Meloni exclut tout revirement électoral sur la question de l'Ukraine

À l'approche des élections de 2027, la Première ministre italienne subit la pression de ses rivaux d'extrême droite pro-russes

EURACTIV.com
La Première ministre italienne Giorgia Meloni [Antonio Masiello/Getty Images]

Giorgia Meloni, la Première ministre italienne, a rejeté les spéculations selon lesquelles elle pourrait nouer des alliances avec des forces opposées à l’aide militaire en faveur de Kiev.

Dans un entretien accordé au journal italien Il Foglio, Meloni a déclaré qu’elle n’est pas disposée à renoncer à ses convictions pour obtenir un avantage électoral.

« Giorgia Meloni n’est certainement pas disposée à faire le contraire de ce qu’elle a fait jusqu’à présent, ni de ce en quoi elle croit, pour des raisons de calcul politique ou électoral », a-t-elle affirmé lorsqu’on lui a demandé si elle a établi des lignes rouges claires pour la formation d’une coalition.

Ses propos constituent un avertissement à l’adresse de Roberto Vannacci, ancien général devenu homme politique d’extrême droite et critique virulent de l’Union européenne et de l’aide militaire à l’Ukraine, qui cherche à tirer parti du mécontentement suscité par l’approche de Giorgia Meloni en matière d’Europe et de politique étrangère.

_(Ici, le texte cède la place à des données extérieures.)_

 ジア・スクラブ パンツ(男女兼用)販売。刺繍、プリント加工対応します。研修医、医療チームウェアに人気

« Quiconque recherche une Première ministre qui change d’avis en fonction du soutien de tel ou tel parti, toujours et uniquement pour son profit personnel, devrait chercher ailleurs. »

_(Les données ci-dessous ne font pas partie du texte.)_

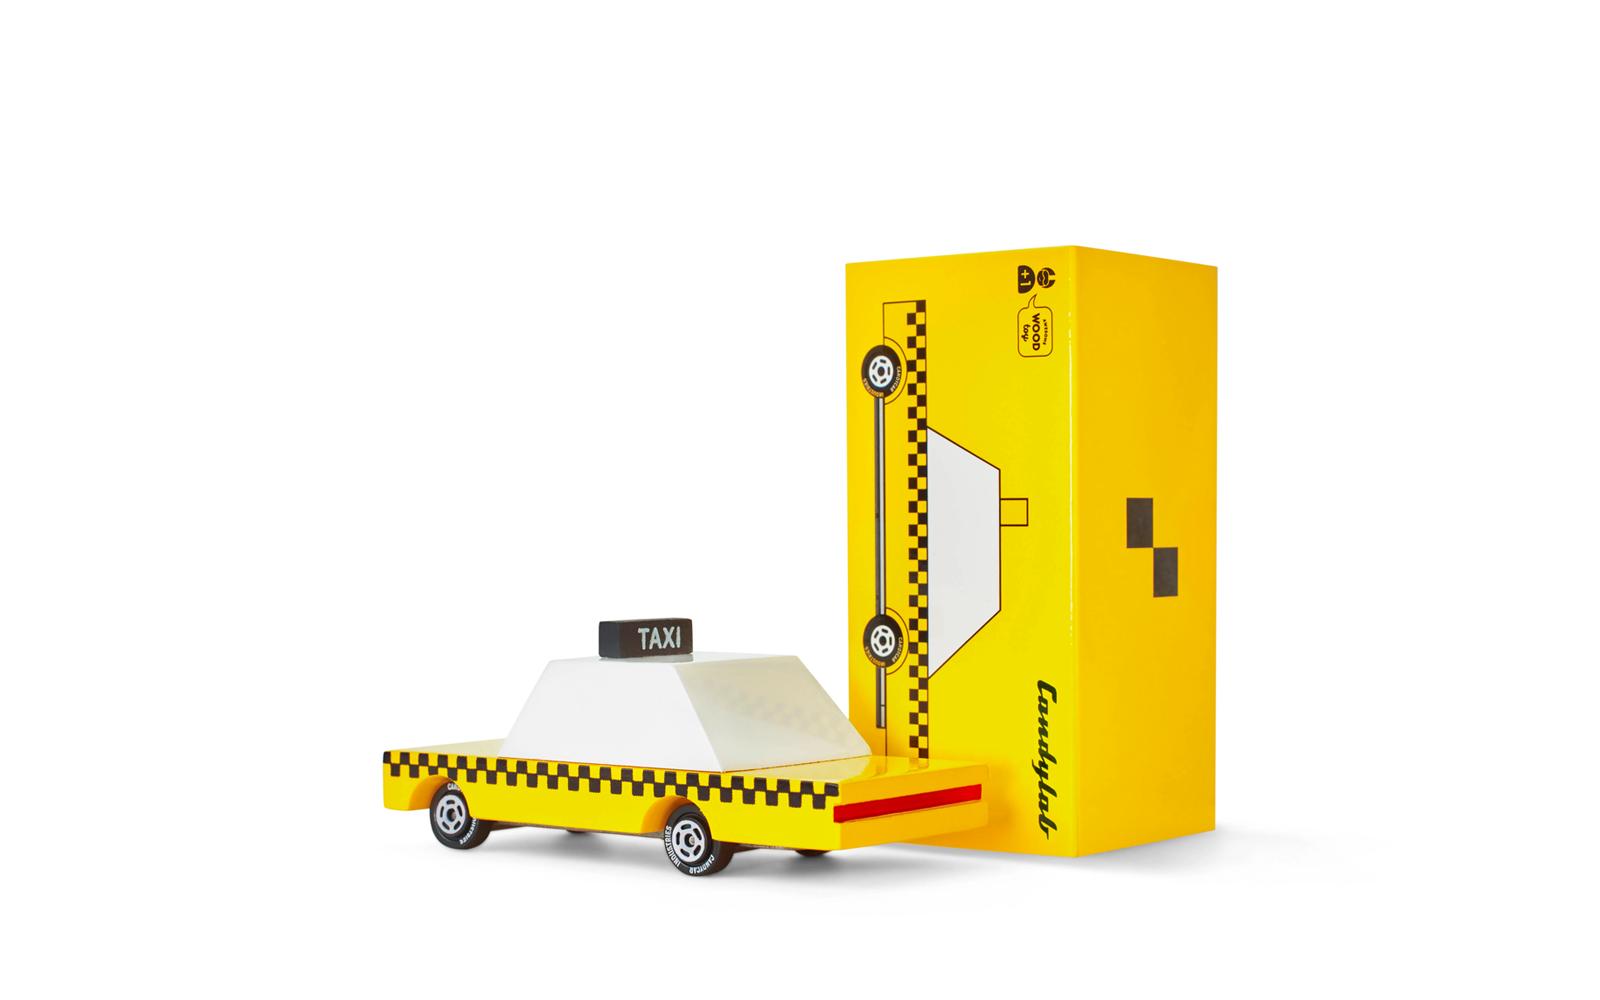 Candycar - taxi jaune

« Je suis une personne sérieuse, et je ne suis pas une girouette. »

Meloni devrait se présenter devant les électeurs lors d’un scrutin l’année prochaine, après être tout juste devenue la Première ministre ayant exercé le plus longtemps dans l’histoire de la République italienne.

La progression de Vannacci dans les sondages pourrait compliquer la formation future d’une coalition par Meloni en vue d’un second mandat.

« Pour moi, ces dernières années, il aurait été plus avantageux sur le plan électoral de ne pas soutenir l’Ukraine, plutôt que de le faire », a déclaré Meloni.

« Je n’ai pas soutenu l’Ukraine pour Kiev, j’ai soutenu l’Ukraine pour Rome. »

Les dépenses de défense ont mis en évidence des tensions au sein de la coalition au pouvoir en Italie, notamment avec la Ligue du vice-Premier ministre Matteo Salvini.

L’Italie, a-t-elle ajouté, avait tout à perdre dans un système international où les règles de coexistence pacifique entre les nations s’effondrent et où « la loi du plus fort » prévaut.

La Première ministre a également défendu l’augmentation des dépenses de défense, tout en reconnaissant leur impopularité.

Plus de 44 % des Italiens considèrent désormais les dépenses de défense comme un coût pour le pays, contre 32,1 % qui y voient un investissement stratégique, tandis que près d’un quart reste indécis, selon le rapport annuel de l’institut de recherche privé Eurispes.

« Bien sûr, il est impopulaire de dire que nous devons également dépenser pour la défense. Mais malheureusement, c’est nécessaire », a déclaré Meloni.